··· GIVEN INFORMATION

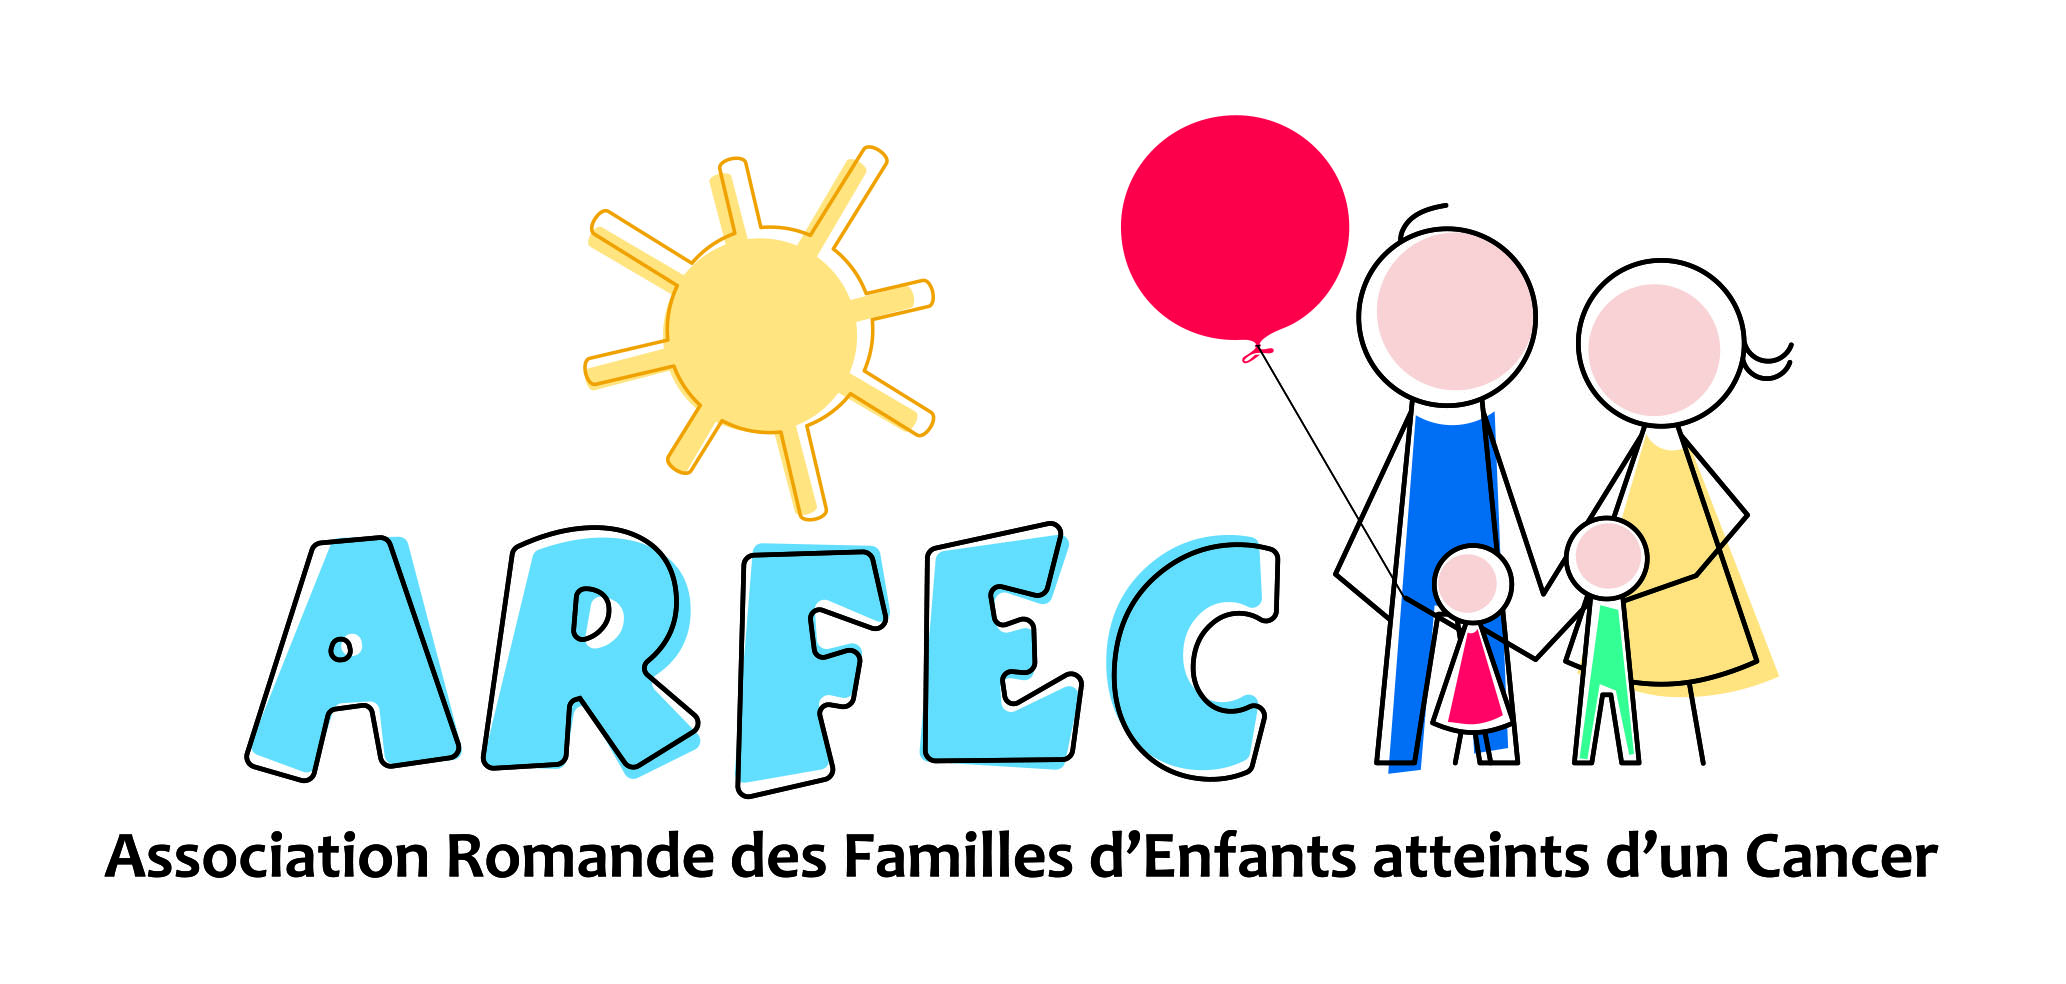 ARFEC (Association Romande des Familles d'Enfants atteints d'un Cancer)
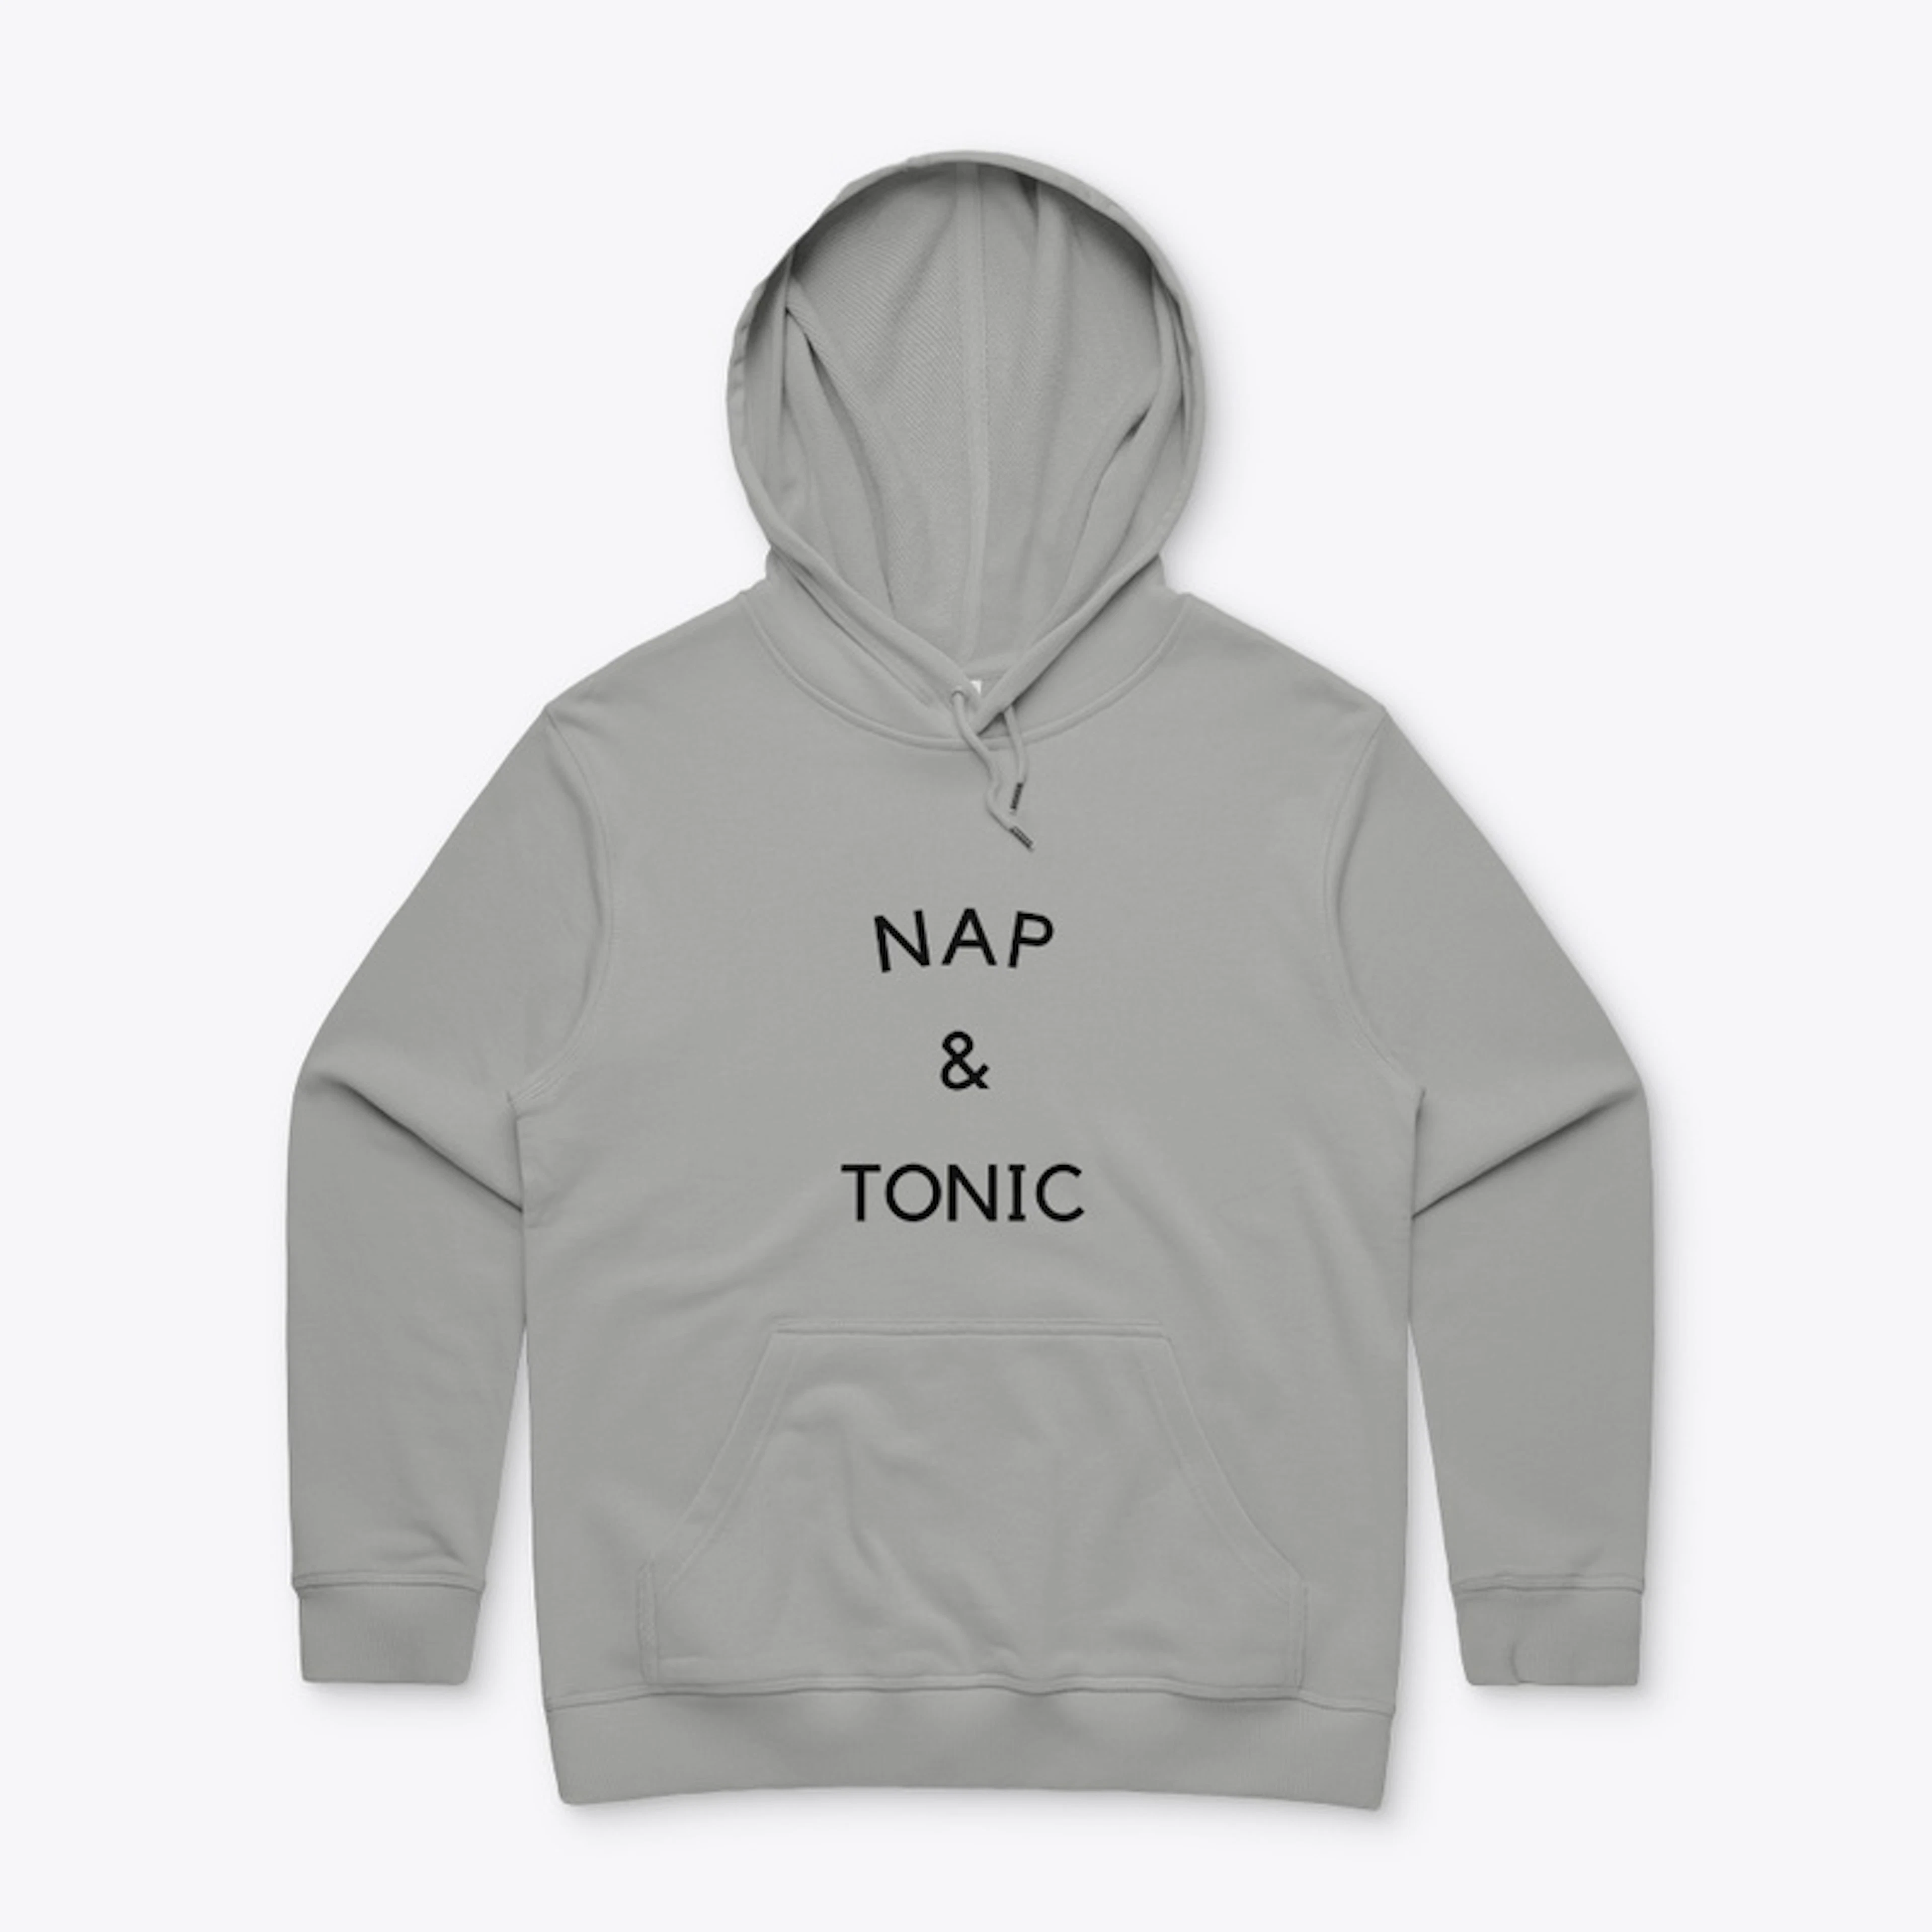 Nap & Tonic
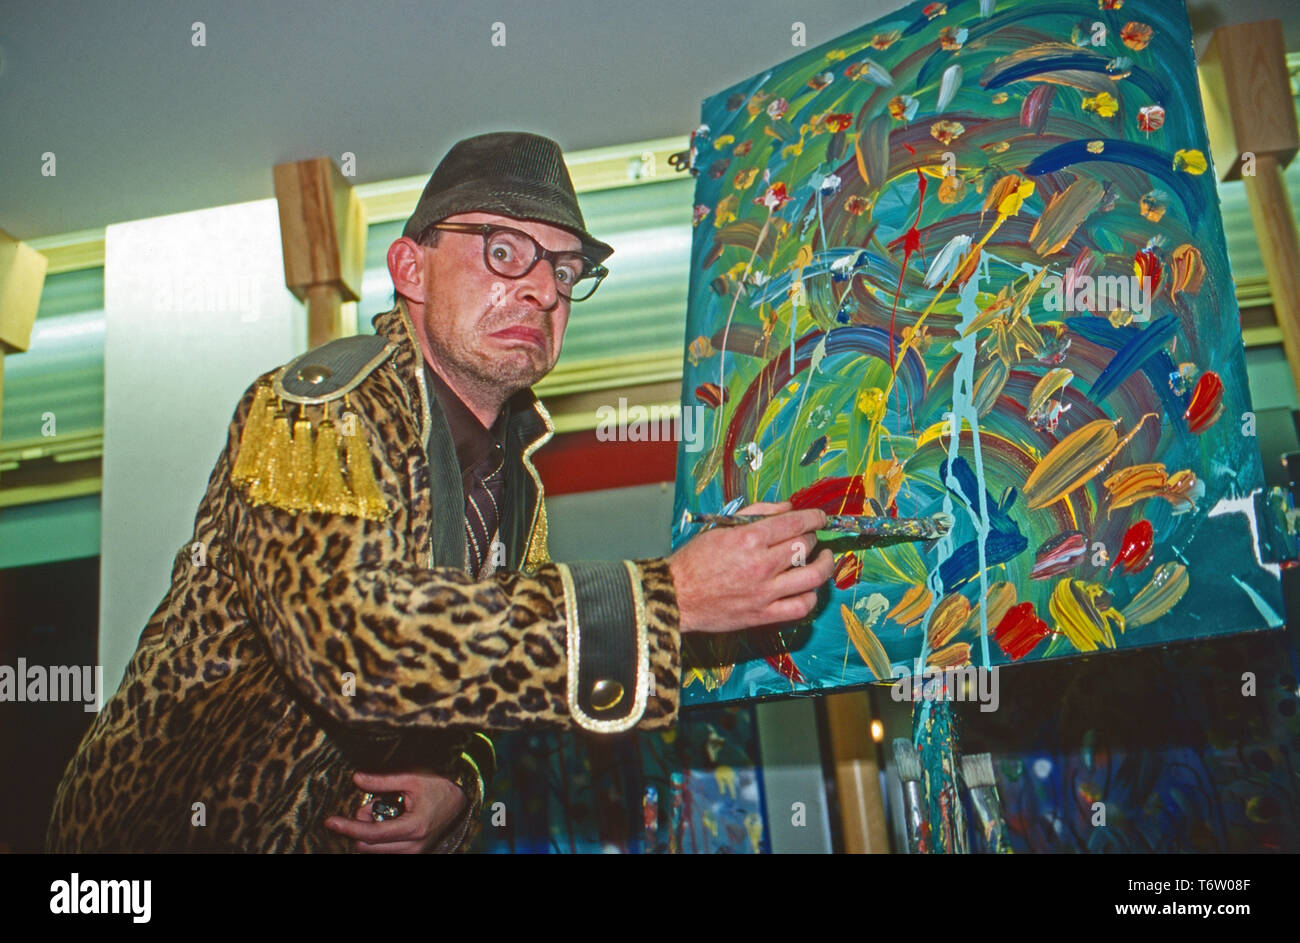 Alexander Bisenz, österreichischer Kabarettist und Maler, Deutschland ca. 1996. Austrian cabaret artist and painter Alexander Bisenz, Germany ca. 1996. Stock Photo
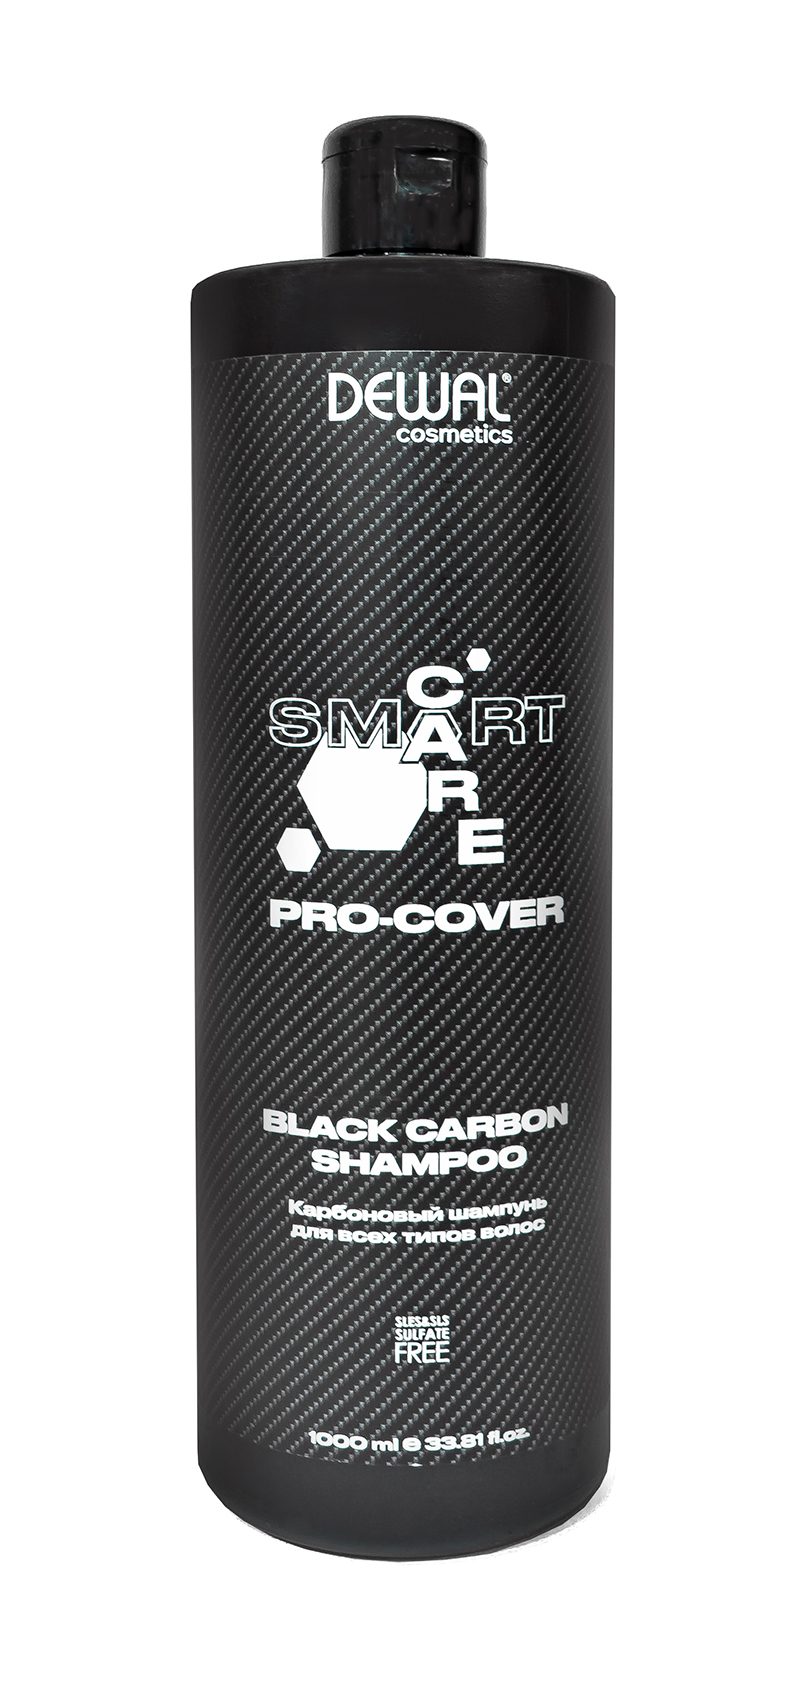 Карбоновый шампунь для всех типов волос SMART CARE PRO-COVER Black Carbon Shampoo, 1000 мл DC

······

Starting at the line that holds "Alexander Bisenz, österreichischer", copy each line exactly through the end of the listing, both ends included. Leave the pictures out.

- **SOLUTION TO THIS PROBLEM**:
 Alexander Bisenz, österreichischer Kabarettist und Maler, Deutschland ca. 1996. Austrian cabaret artist and painter Alexander Bisenz, Germany ca. 1996. Stock Photo
 Карбоновый шампунь для всех типов волос SMART CARE PRO-COVER Black Carbon Shampoo, 1000 мл DC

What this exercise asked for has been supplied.